For this to be the case, there needs to be an infinite number of possible classifications. (Otherwize, a cascade couldn't go on for very long.) This is workable, because I allow for classifications of classifications-- and such a meta-classification can potentially be a catch-all for an infinite number of classifications. However, in it's present state, the system can't fully utilize all such classifications; the meta-classifier can be used to identify new classifiers as instances of the infinite class, but still each such new classifier must be created individually; they cannot be created on the fly. An interesting problem. To solve it, we need "anonymous classifiers" (classifiers that we don't bother to give names) defined on-the-spot for entities; all possible 1st-level classifiers that would say "Yes" for the given object are searched through, but without actually bothering to instantiate them, and we test the meta-classifiers on all of them. If one satisfies a meta-classifier, then we know that the object falls into a particular infinite class. (This could be recorded in various ways, I suppose.) A similar procedure must be applied for meta-classes once we've got metametaclasses, and so on.

This sounds a bit like gobbledygook, because I didn't fill in any details at all, but I think the general idea is sound.

Anyway, all of that still fails to guarantee that arbitrary scratchwork could be learned. The fact that I can have some infinite classes of classifiers doesn't even quite guarantee the sort of cascades I want. I've basically got to prove that the classifiers act like statements in predicate calculus. Each can be arbitrarily long, being (in a proper sense) composed of smaller statements, and interesting rules of deriving one from another can occur (meaning arbitrary production rules). After that, I've got to prove that all of this can occur through learning, and that the rules learned are in some sence optimal! Sounds difficult.

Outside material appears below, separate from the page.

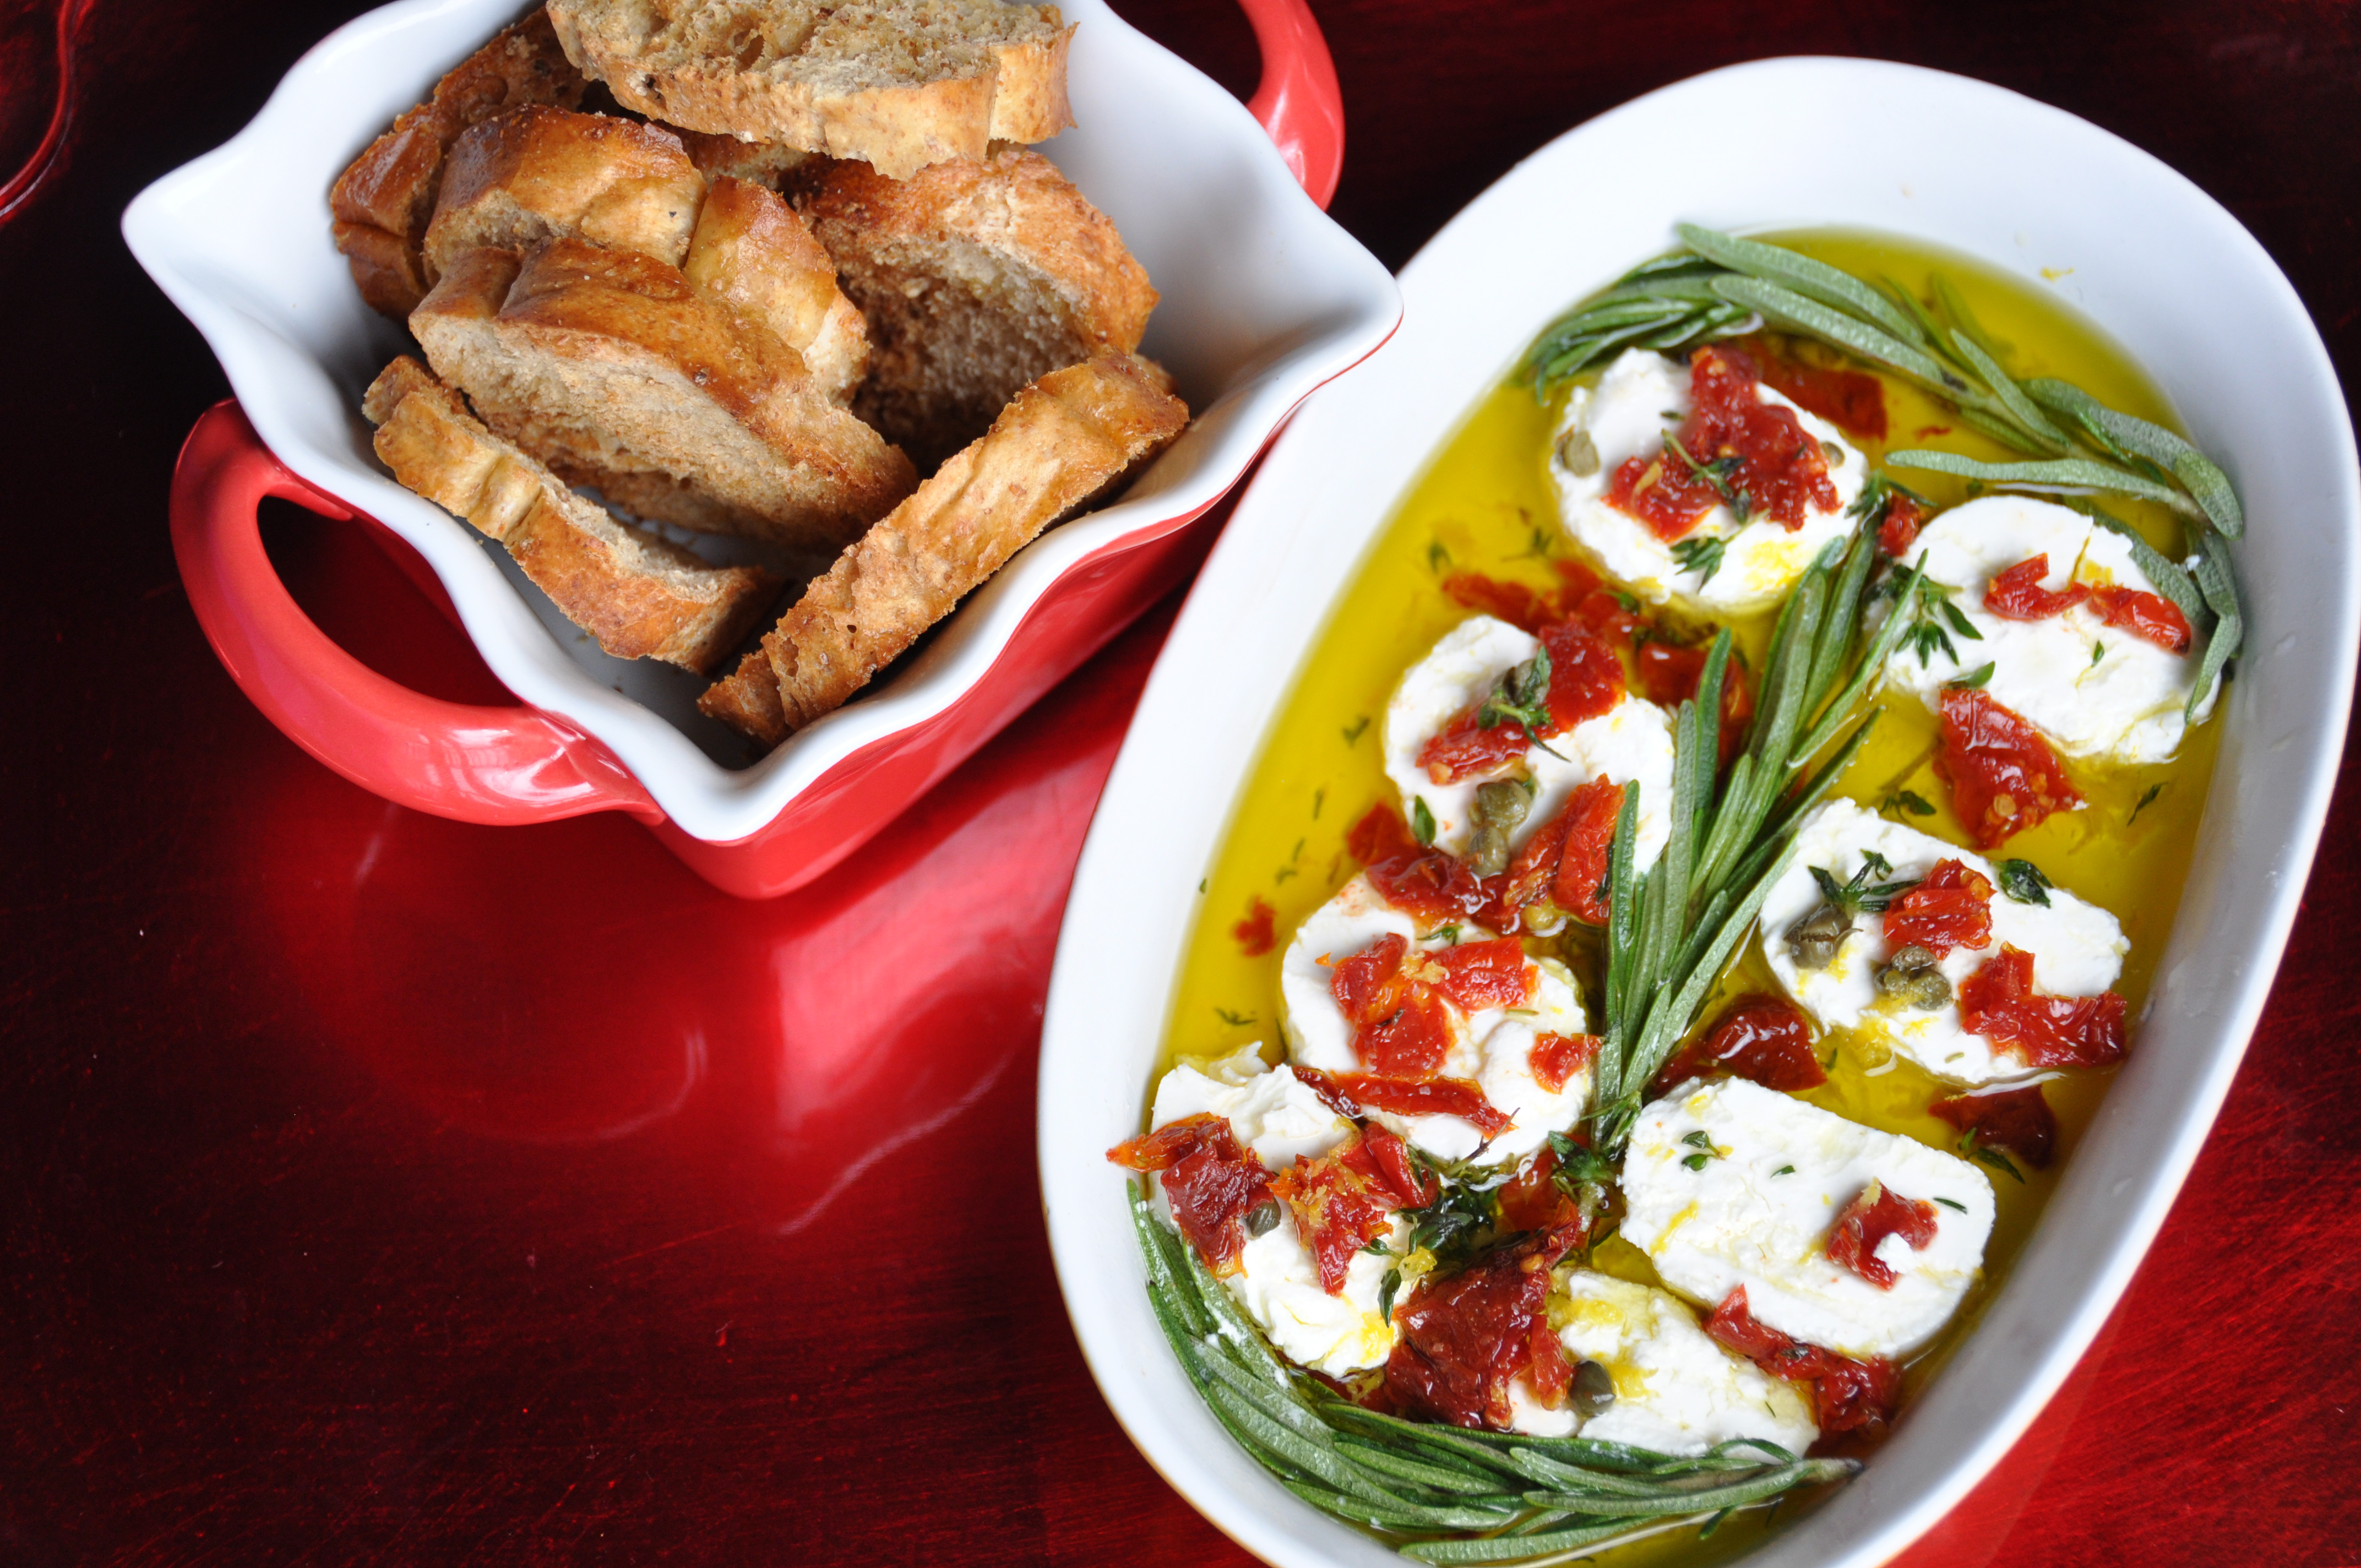 Marinated Goat Cheese With Herbs and Lemon | Nutritious Eats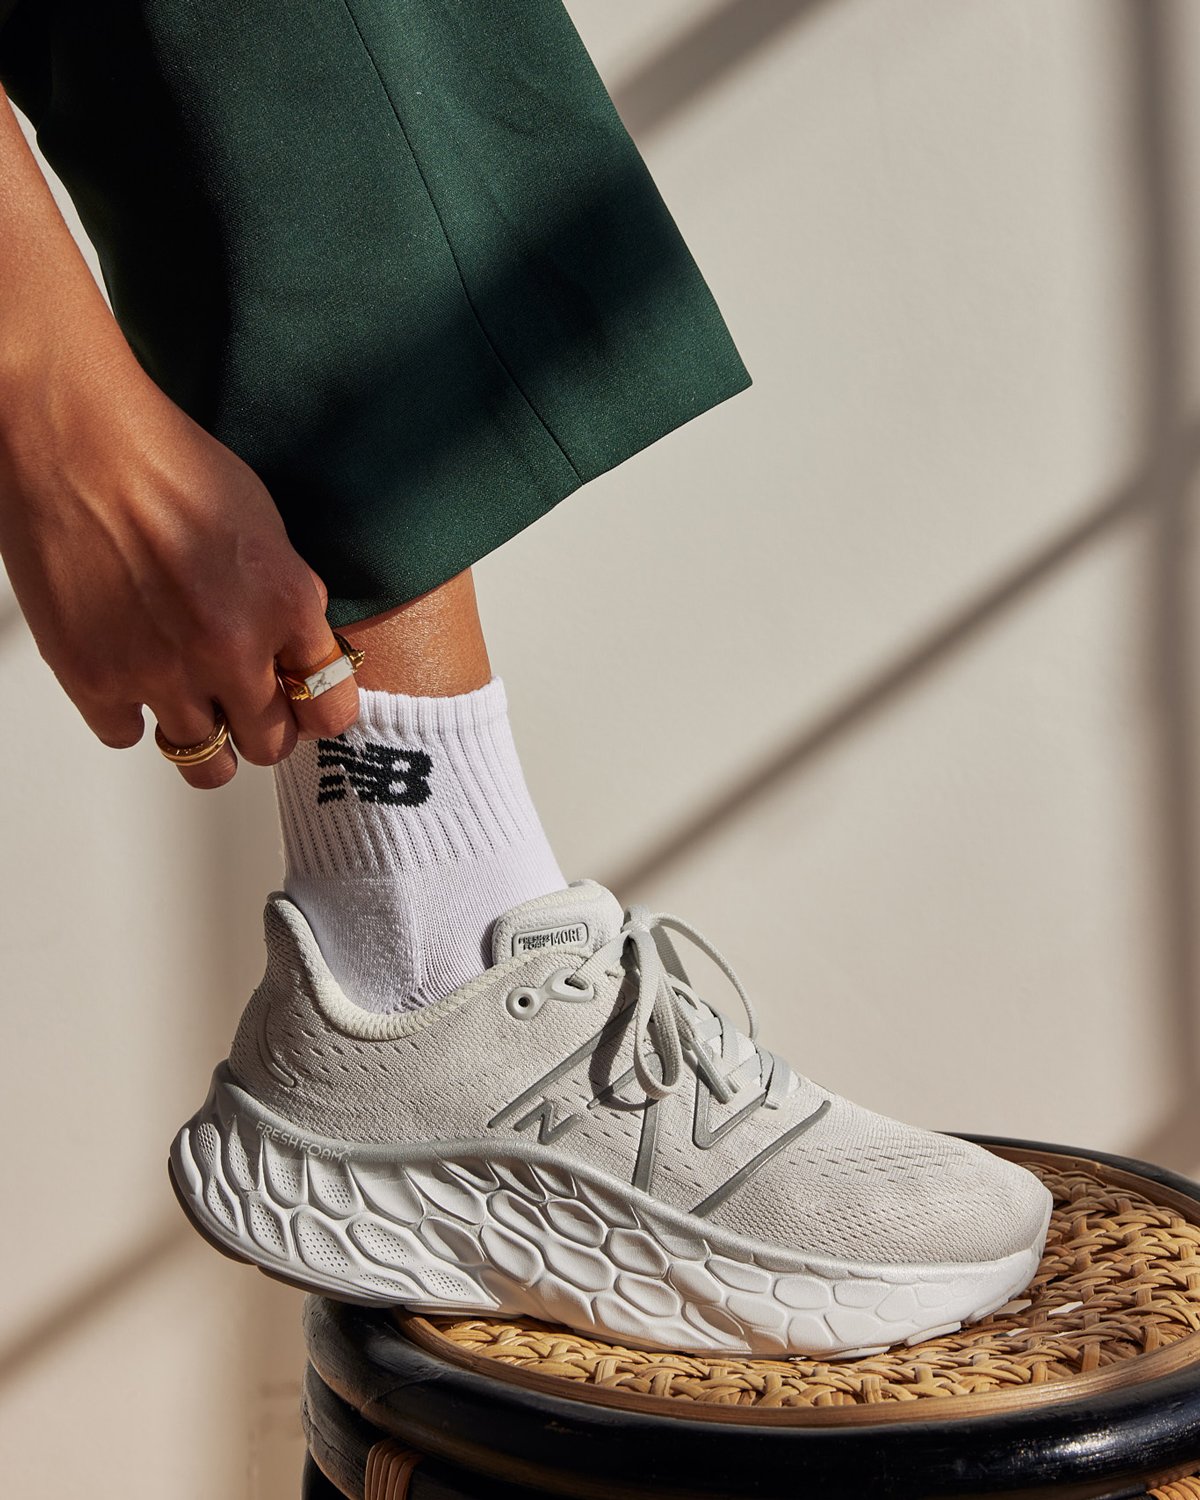 Photo production and sponsored post of the white New Balance Socks and off-white New Balance lifted shoe with laces

So how complicated can classifications get? In classifying classifyers, the system can use any methods it would use for classifying ordinary data. So assuming my previous arguments are correct, that means a class of classifiers can be at least context-dependent in complexity. But this is concerning the sequence associated with the data it represents; it shouldn't be confused with the complexity of the "logical statement" it represents. Can a class represent the intersection of two other classes? (yes.) Can it reppresent the union of two other classes? (Yes, provided there is some reason to form this union, such as a common context or property of any kind. That restriction may be fatal, I don't know. It seems reasonable given that this stuff has got to be learned.) Can it represent the negation of another class? (Hmm. Sounds like a good question. It depends on how I generalize markov models to arbitrary graphs. Is a subgraph defined soly by a set of relations it does contain, or can it be defined also by a lack of particular relations? I don't think allowing definition by a lack of relations would cause any trouble...) What about quantifiers? (Very good question. But what would it mean? "For all classes X, this class suchnsuch"? No. It wouldn't be quantification over classes, it would be quantification over... properties? Quantification in predicate statements isn't over smaller statements, it's over variabbles that make up statements... but it can be interpreted equivalently either way... so yes?? Joint denial over a class of statements (classes) formed by a variable-substitution scheme is all that's necessary? So if I can say such things as "for all classes A, if A satisfies (stuff including the variable A) then this class satisfies (other stuff including the variable A)" I'm good? Hmm...)

Of course, predicate calculus is only one example. If the classes can arrange themselves to imitate any turing-complete system, and learn such arrangements based on data, then I've got what I'm looking for.